With such rapid growth over the last few years, the UAE will unavoidably experience a slowdown in bank profitability, albeit most banks will still manage to profit while a few others could break even in 2009.
‘After the drunkenness’
Referencing the Arabic expression, ‘After the drunkenness, there is an awakening,’ Nasr notes that, “we went through a period of drunkenness. But it’s back to basics [now].”
Unfortunately, he says, many of bankers forgot what banking was all about “for a few years.” Investors went a little crazy in recent years, diving first into stocks and then irrationally investing in the real estate market, with banks taking the brunt as they gave out loans at an excessive pace, disproportionate to their actual lending capabilities. Woertz says the loan-to-deposit ratio is over 100 percent in the UAE, “so it’s not as conservative as the 85 percent in Saudi Arabia.”
“Banks in the UAE grew their loans by more than 70 to 90 percent in 2008,” notes Gökkent, suggesting that the number is quite excessive.
“People tend to prefer shorter-term deposits and longer-term loans,” Nasr says. “The banking system plays a useful role in terms of bridging this gap between deposits and lenders, [especially] when they have different liquidity preferences.”
He adds that “we started getting into situations where banks were using overnight money or one month money and making 10-year loans. That’s irrational because you’re assuming that it’s going to roll over for the next 10 years, but it doesn’t happen [that way].”
Now, banks in the UAE — and around the globe, for that matter — will be focusing on reprioritizing their domestic agendas. The primary concern for national banks is to reassess and beef-up their risk management strategies, which can be done through more conservative lending policies and basic, cautious banking.
What to do?
Outsiders might find it strange as to why there have been no big mergers and acquisitions (M&A) in the UAE since the crisis took hold. But “under normal circumstances,” explains Gökkent, “[M&A] should have already happened because there was stress in the system… but because the UAE is so well endowed in terms of large accumulation of assets over the years, so far they haven’t had the need to do that.” This leads back to the eminent benefit of having an ultra-wealthy government backing you up.

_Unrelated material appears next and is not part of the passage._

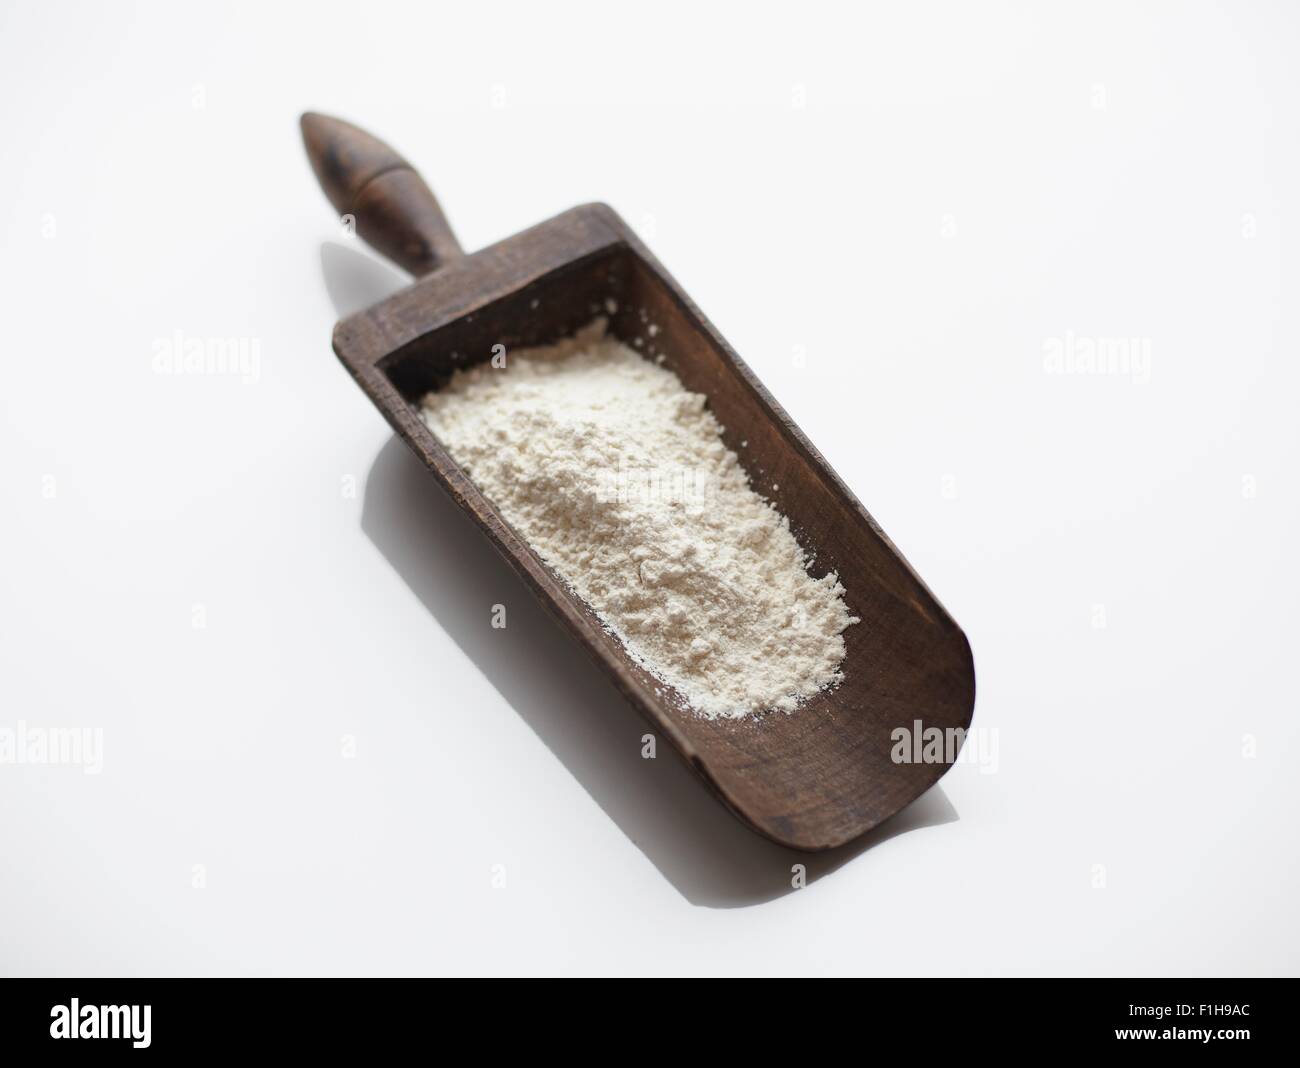 Flour in wooden scoop Stock Photo

This year, Madha believes that banks should be “sticking to the knitting.” While the UAE government has laid the foundation for recovery, banks can now focus on their core business and best practices. After the drunken hangover fully passes, banks and the economy of the UAE will have an opportunity to realign their agendas. Ayyash says the “only thing we can do is not to fall into the same trap and have all your portfolio concentrated in one sector; maybe they need to diversify and redefine their portfolios.”
Nasr predicts that “some banks will become more focused on retail or commercial business [and] become more specialized.”
In 2009 UAE banks will have to either sink or swim. Banks should keep in mind that, “The banking system is not an end, it’s just a means,” says Woertz.